-- WHAT TO PRODUCE --
The reply should hold only the lines from the one with "Wonderful times and" to the one with "Jimmy Choo Eyewear", both ends kept, exactly as they appear below, without any pictures.
***** SUPPLIED RECORDS
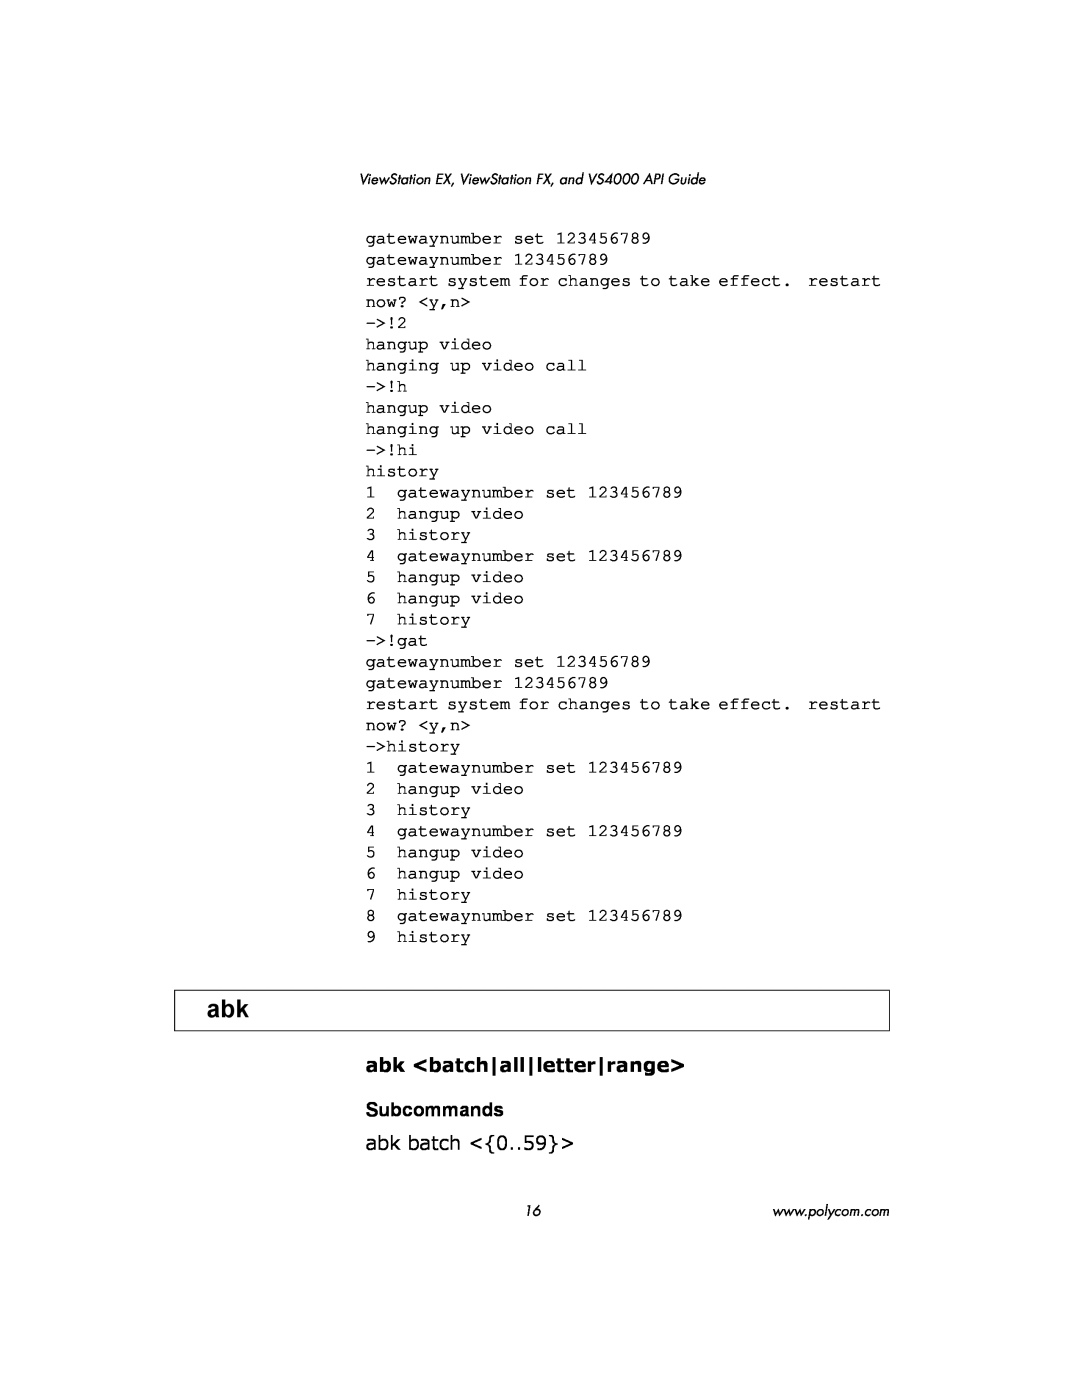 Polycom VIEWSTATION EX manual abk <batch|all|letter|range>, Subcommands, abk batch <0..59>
**********
***** SUPPLIED RECORDS
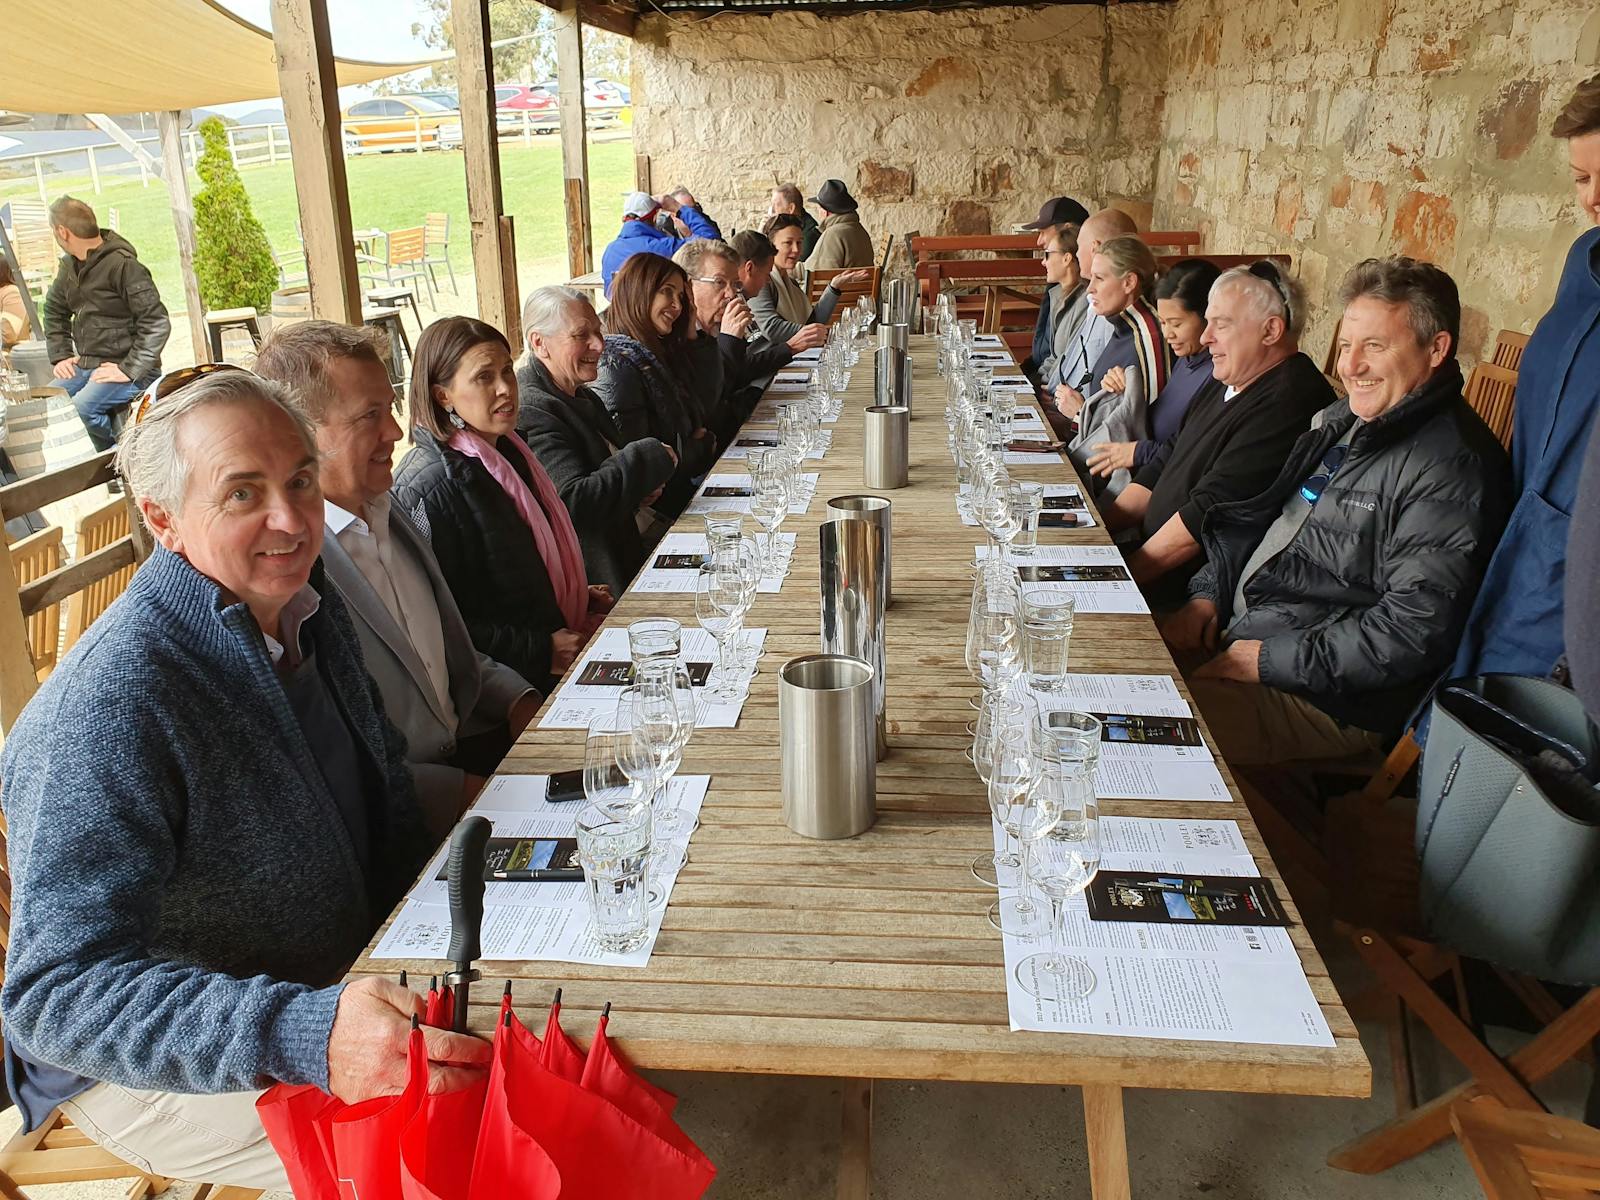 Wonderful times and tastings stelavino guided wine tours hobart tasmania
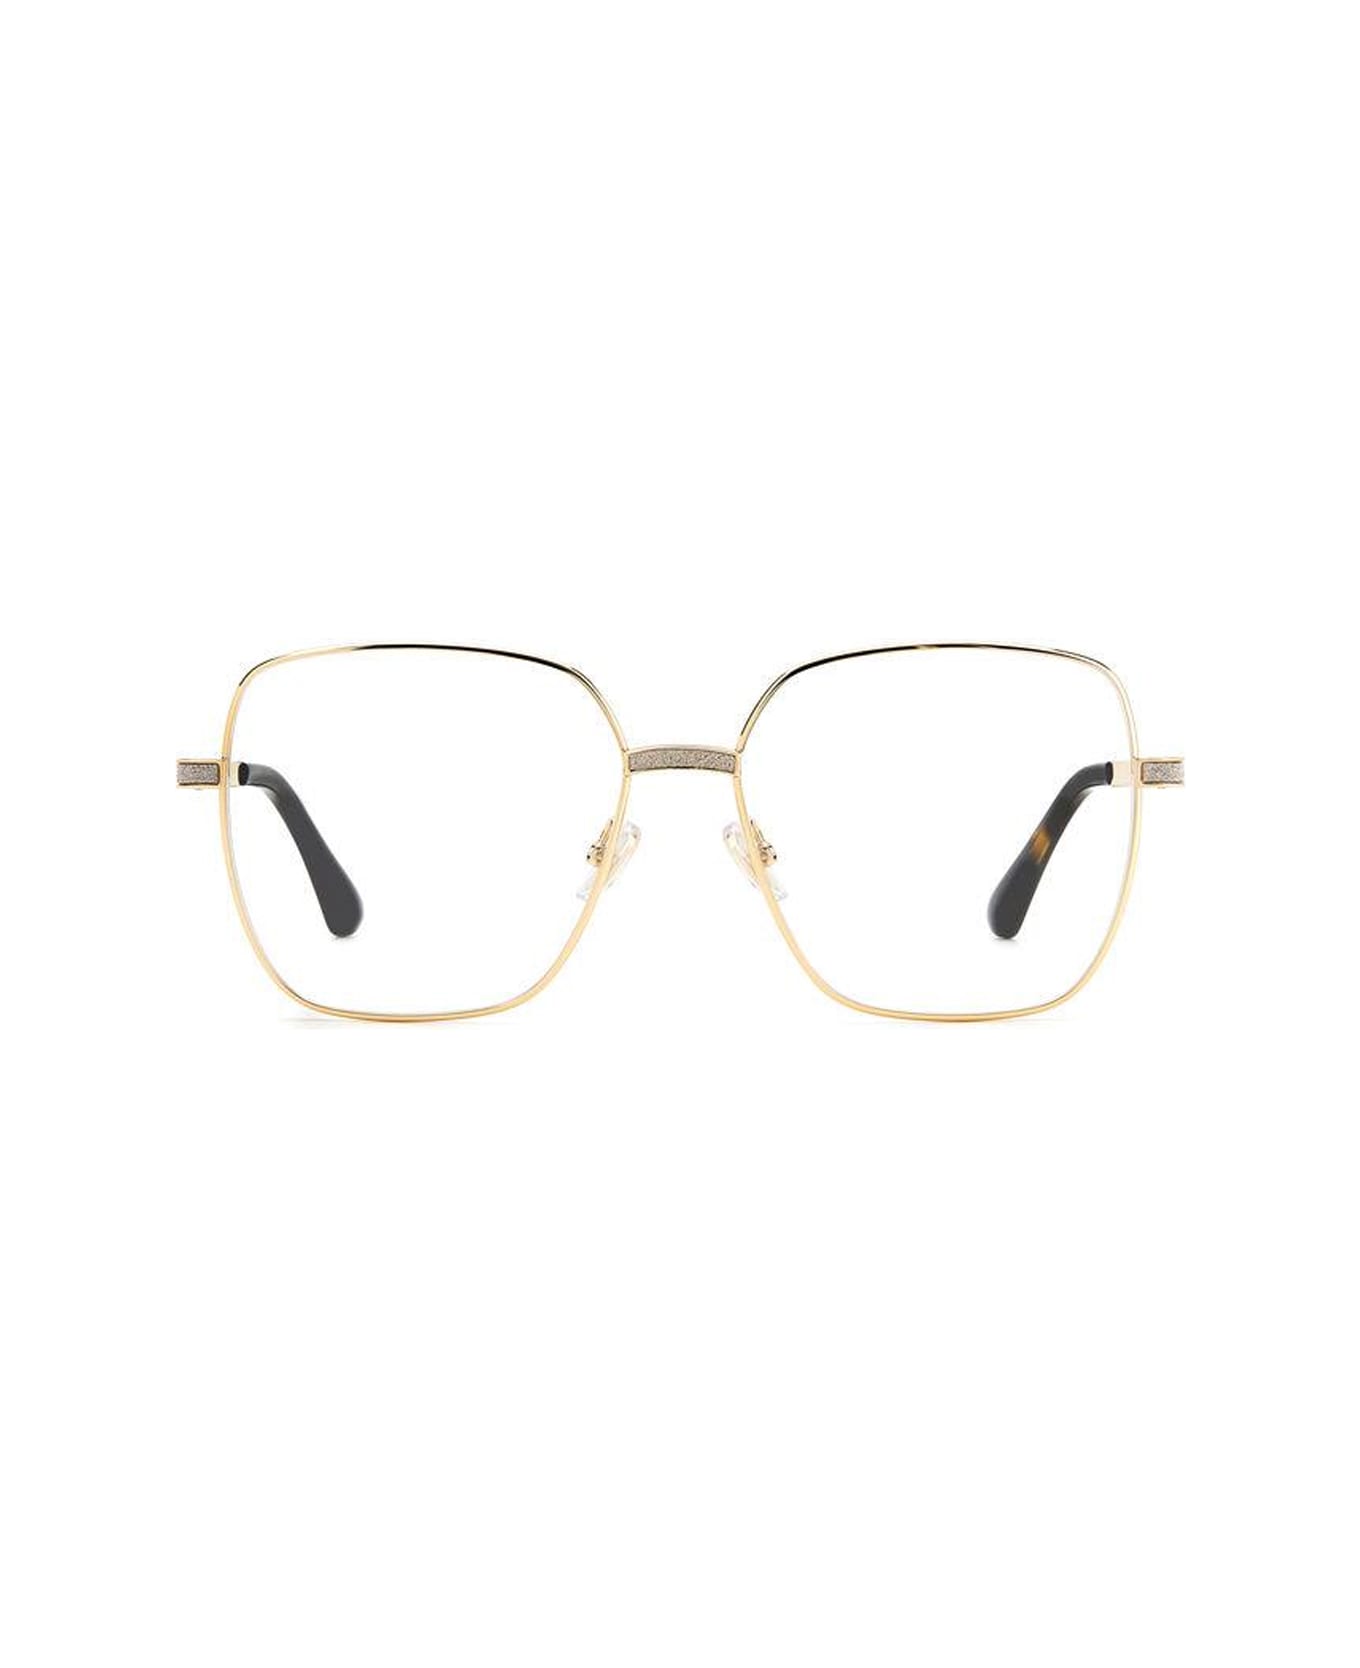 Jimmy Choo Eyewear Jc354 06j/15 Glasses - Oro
**********
-- SOLUTION FOR THIS TASK --
 Wonderful times and tastings stelavino guided wine tours hobart tasmania
 Jimmy Choo Eyewear Jc354 06j/15 Glasses - Oro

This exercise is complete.